Useful country information
Land area: 742,485 sq mi (1,923,039 sq km); total area: 761,602 sq mi (1,972,550 sq km)
Population (2014 est.): 120,286,655 (growth rate: 1.21%); birth rate: 19.02/1000; infant mortality rate: 12.58/1000; life expectancy: 75.43
Other large cities: Guadalajara 4.525 million; Monterrey 4.213 million; Puebla 2.335 million; Tijuana 1.82 million; Toluca de Lerdo 1.748 million (2011)
Monetary unit: Mexican peso
Official name: Estados Unidos Mexicanos
Languages: Spanish only 92.7%, Spanish and indigenous languages 5.7%, indigenous only 0.8%, unspecified 0.8% note: indigenous languages include various Mayan, Nahuatl, and other regional languages (2005)
Ethnicity/race: mestizo (Amerindian-Spanish) 60%, Amerindian or predominantly Amerindian 30%, white 9%, other 1%
Religions: Roman Catholic 82.7%, Pentecostal 1.6%, Jehovah's Witnesses 1.4%, other Evangelical Churches 5%, other 1.9%, none 4.7%, unspecified 2.7% (2010 est.)
National Holiday: Independence Day, September 16
Literacy rate: 93.5% (2011 est.)
Mexico belongs geographically to North-America, ethnological it belongs to Latin America. Mexico is the most populous Spanish-speaking country in the world. About 70% of the people live in urban areas. According to some estimates, the population of the area around Mexico City is about 18 million, which would make it the largest concentration of population in the Western Hemisphere.
Highly developed cultures, including those of the Olmecs, Mayas, Toltecs, and Aztecs existed in this aerea long before the Spanish conquest.
The site of advanced Amerindian civilizations, Mexico came under Spanish rule for three centuries before achieving independence early in the 19th century.

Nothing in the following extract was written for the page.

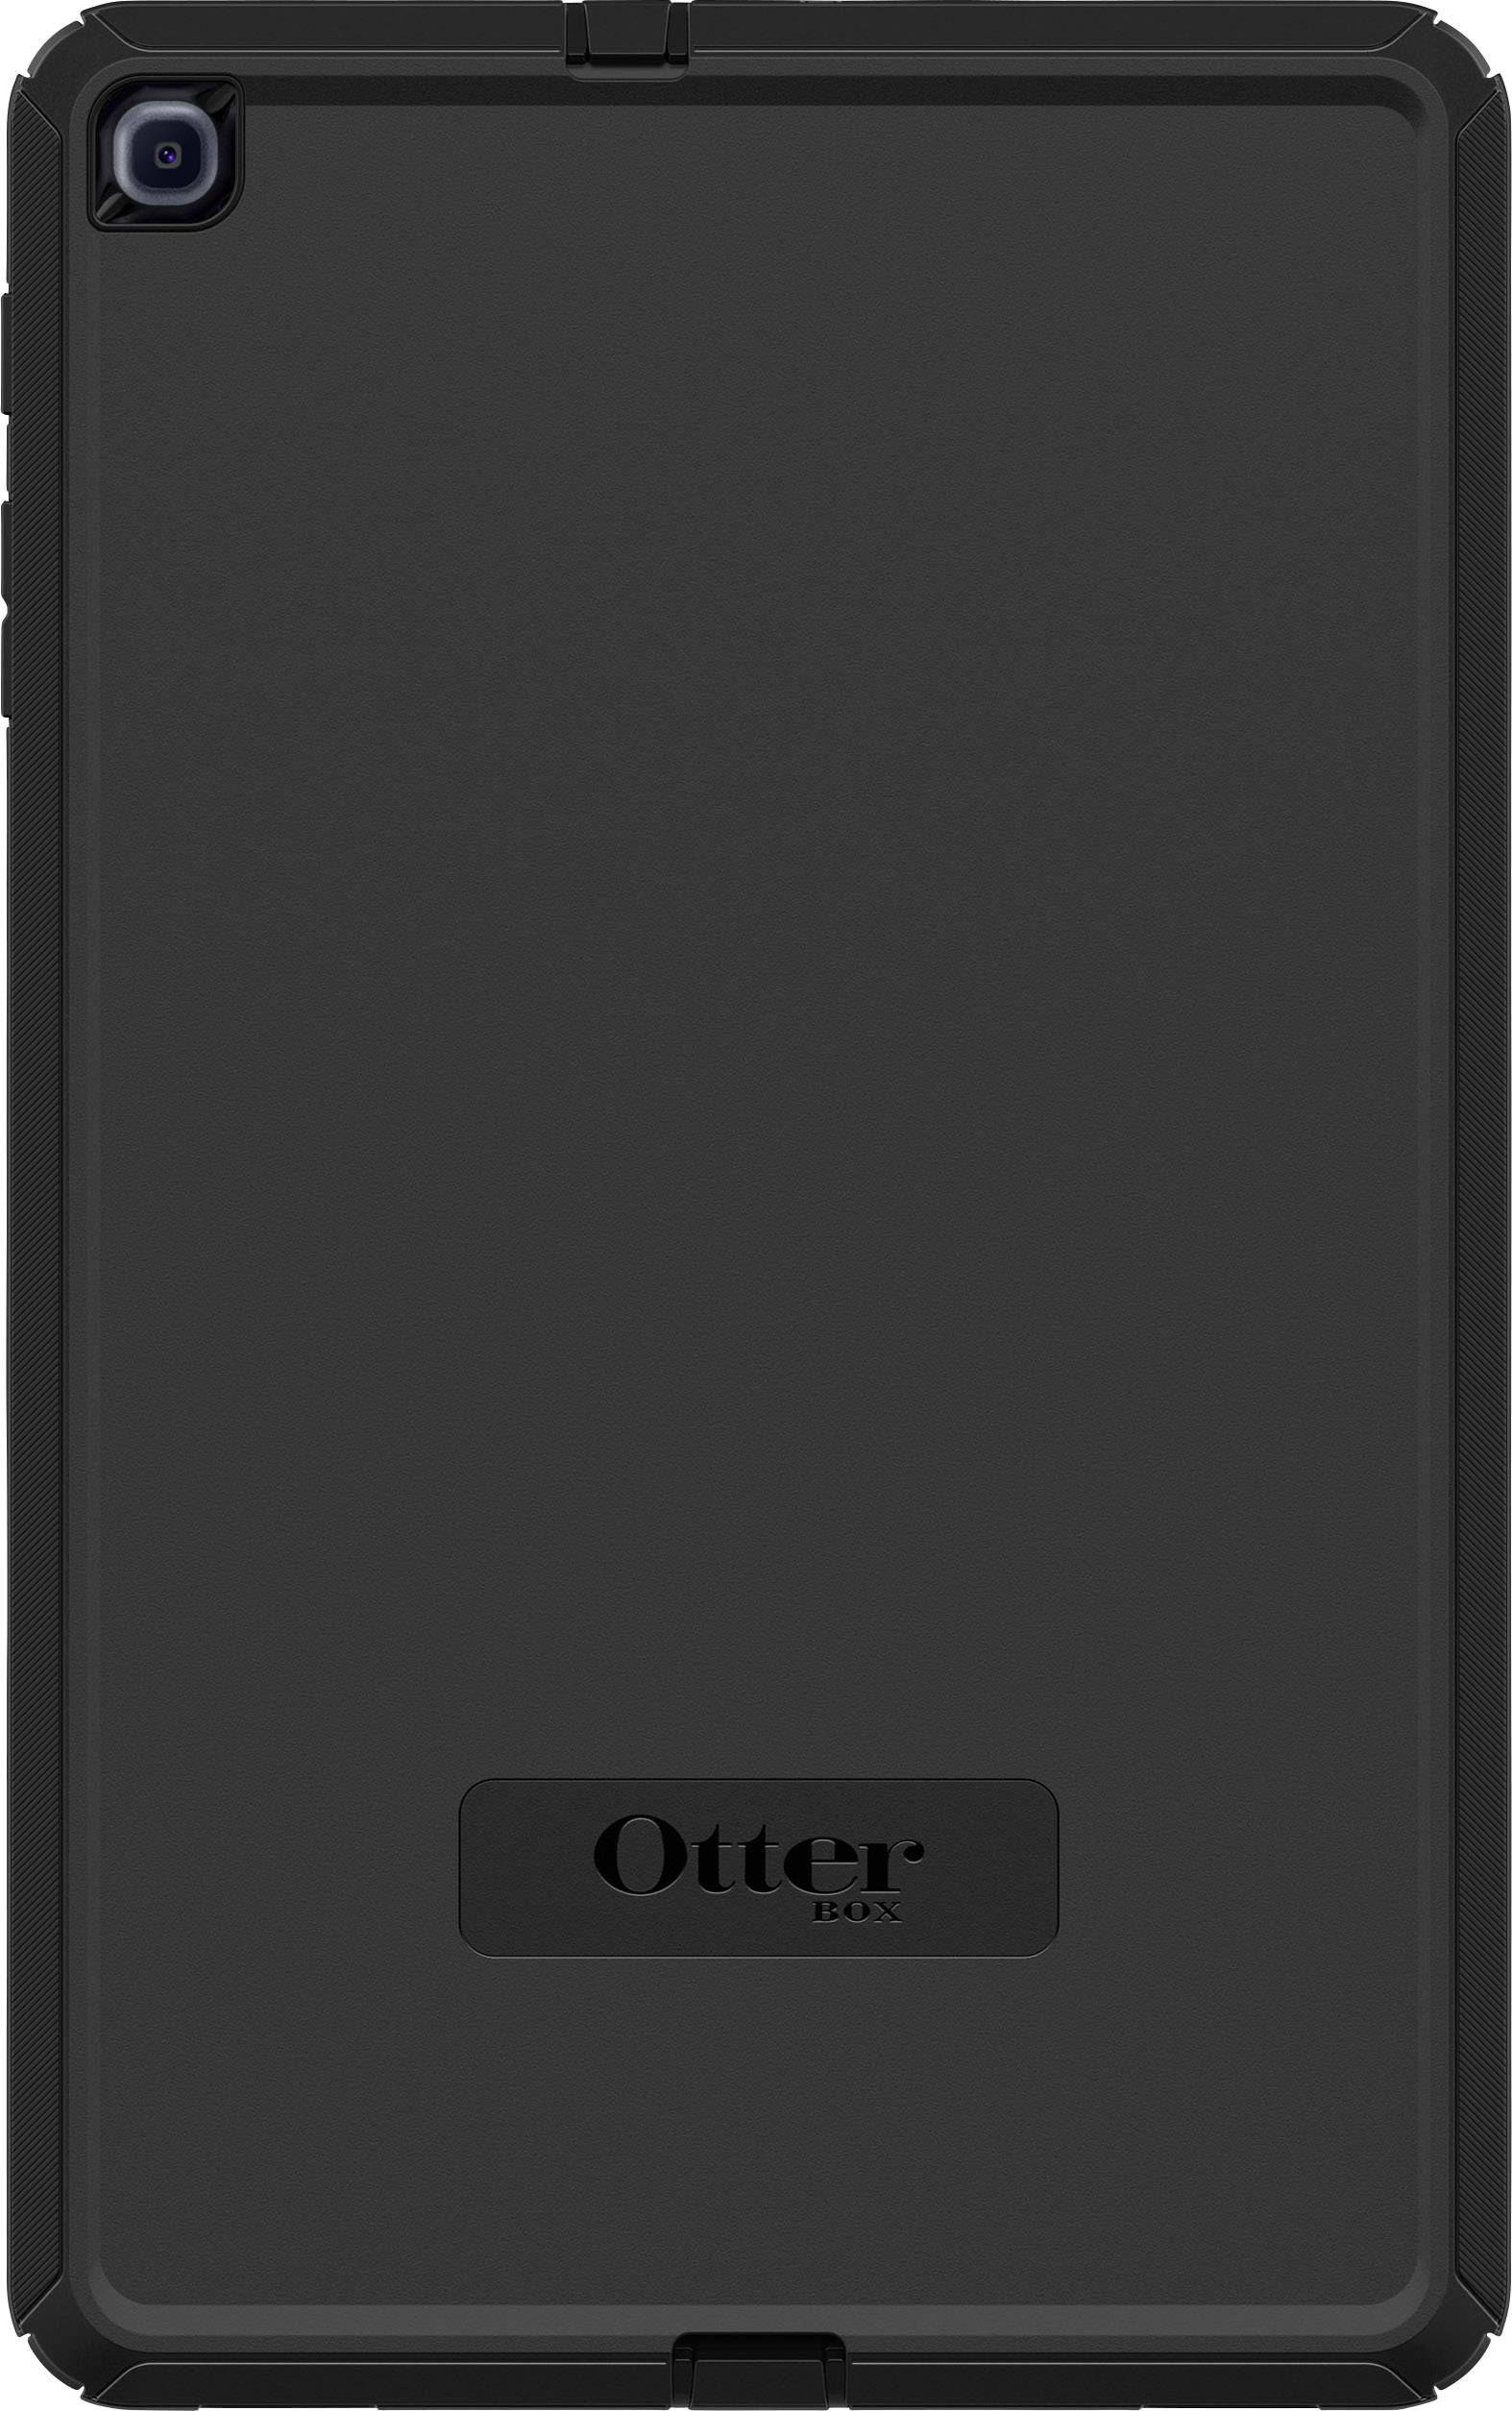 Otterbox Defender Backcover Samsung Tab 10.1 (2019) Tablet PC bag (brand-specific) | Conrad.com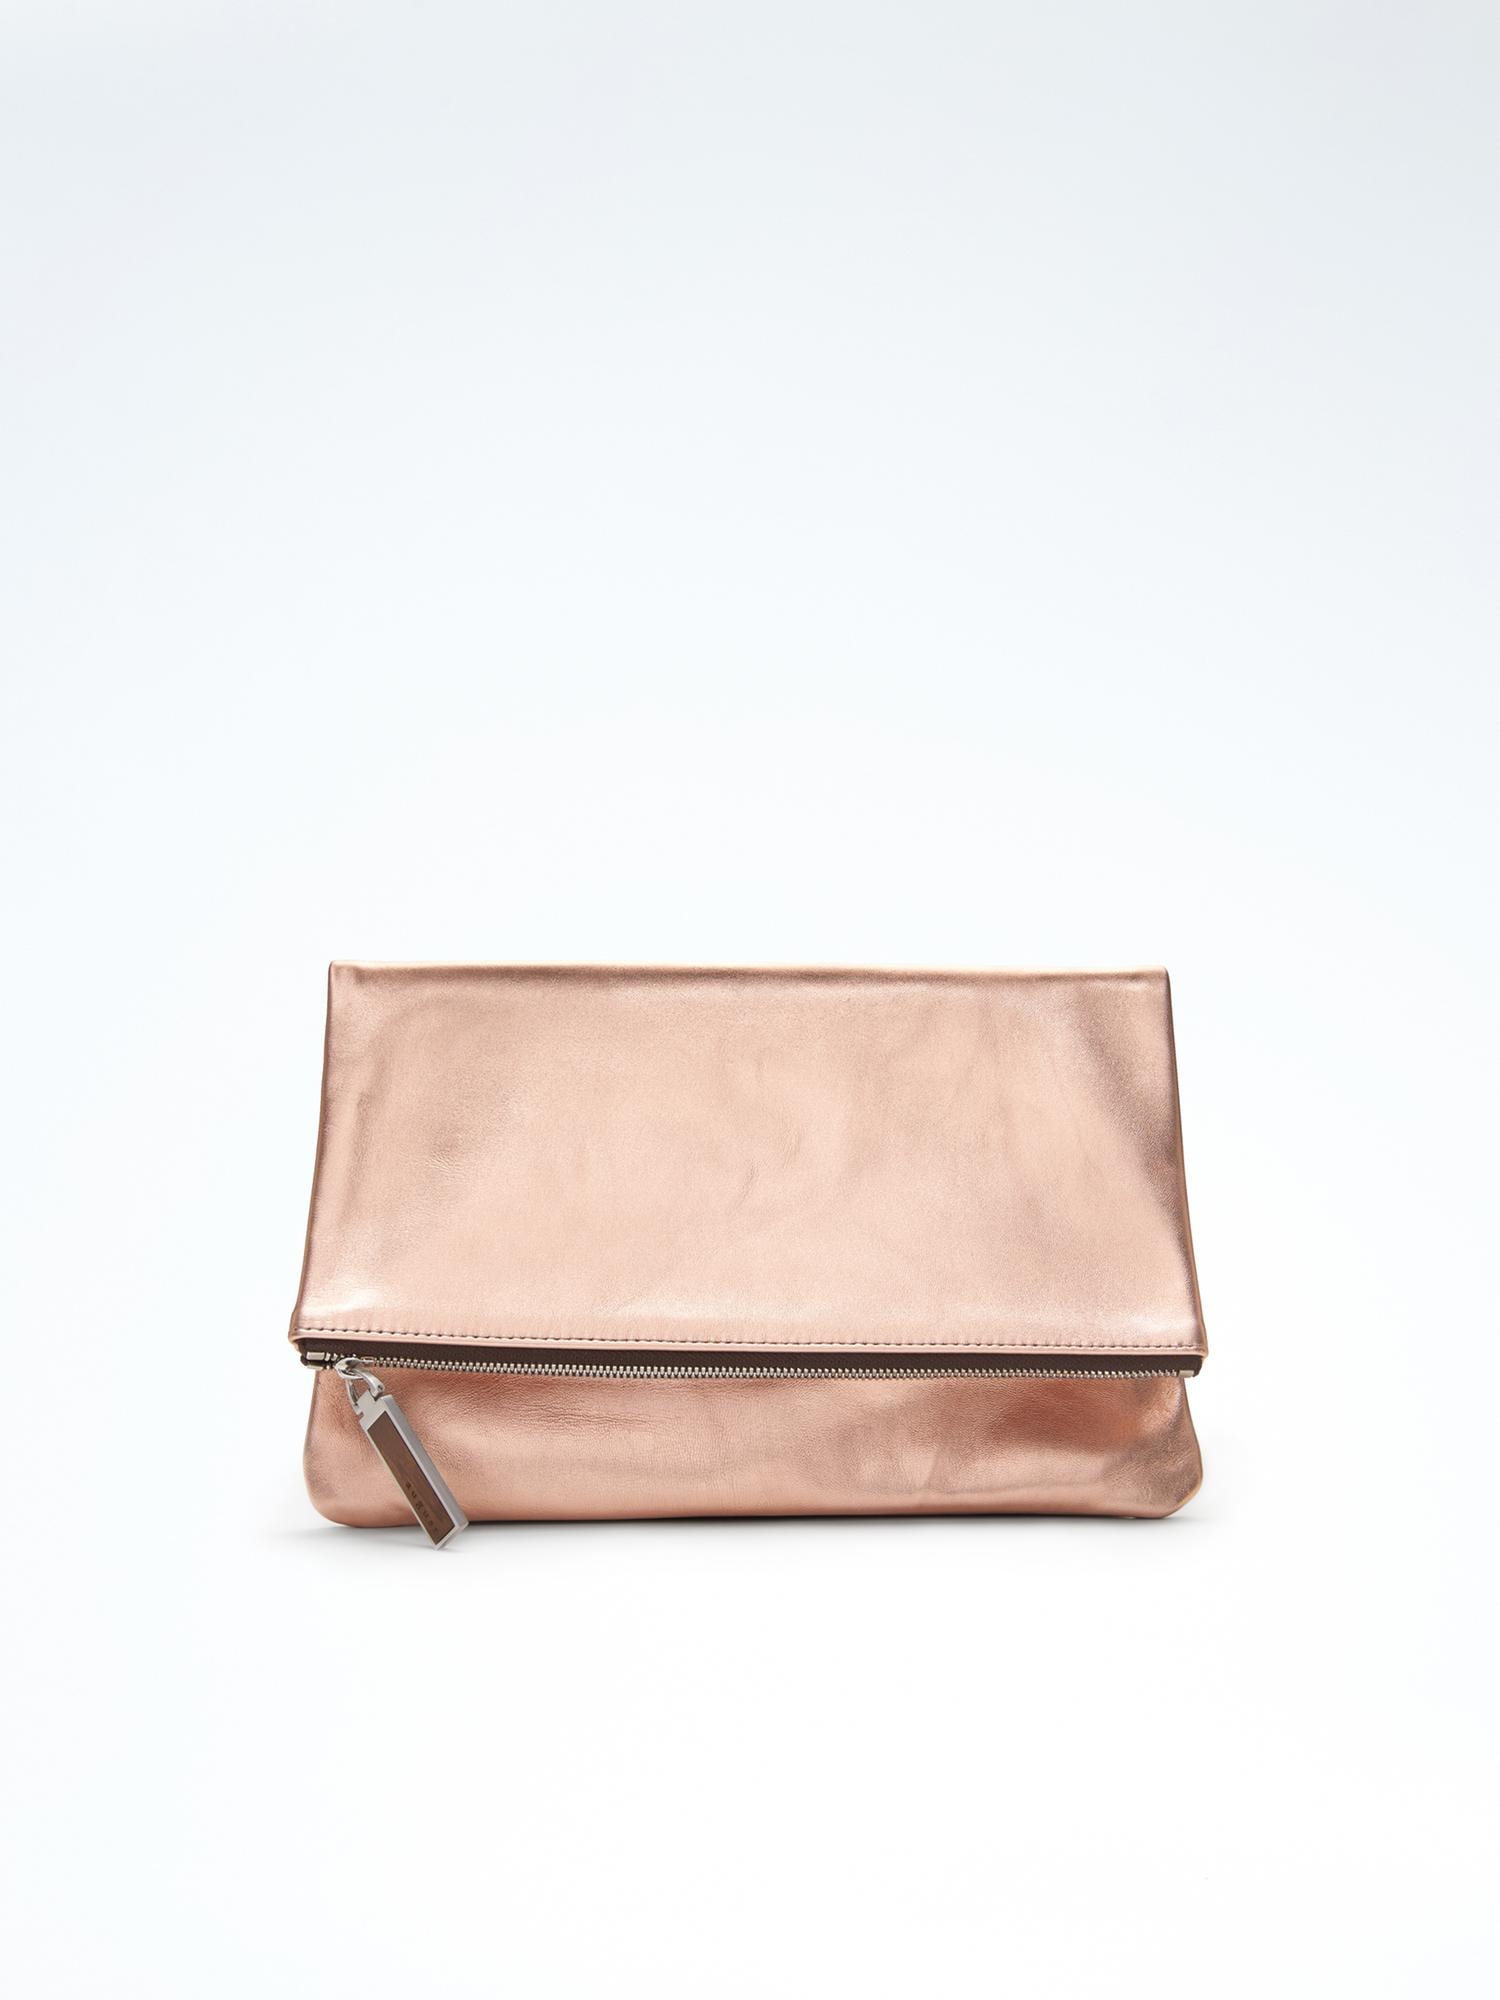 August Handbags &#124 Ravello Clutch

A devaluation of the peso in late 1994 threw Mexico into economic turmoil, triggering the worst recession in over half a century. The nation continues to make an impressive recovery. Ongoing economic and social concerns include low real wages, underemployment for a large segment of the population, inequitable income distribution, and few advancement opportunities for the Amerindian population in the impoverished southern states.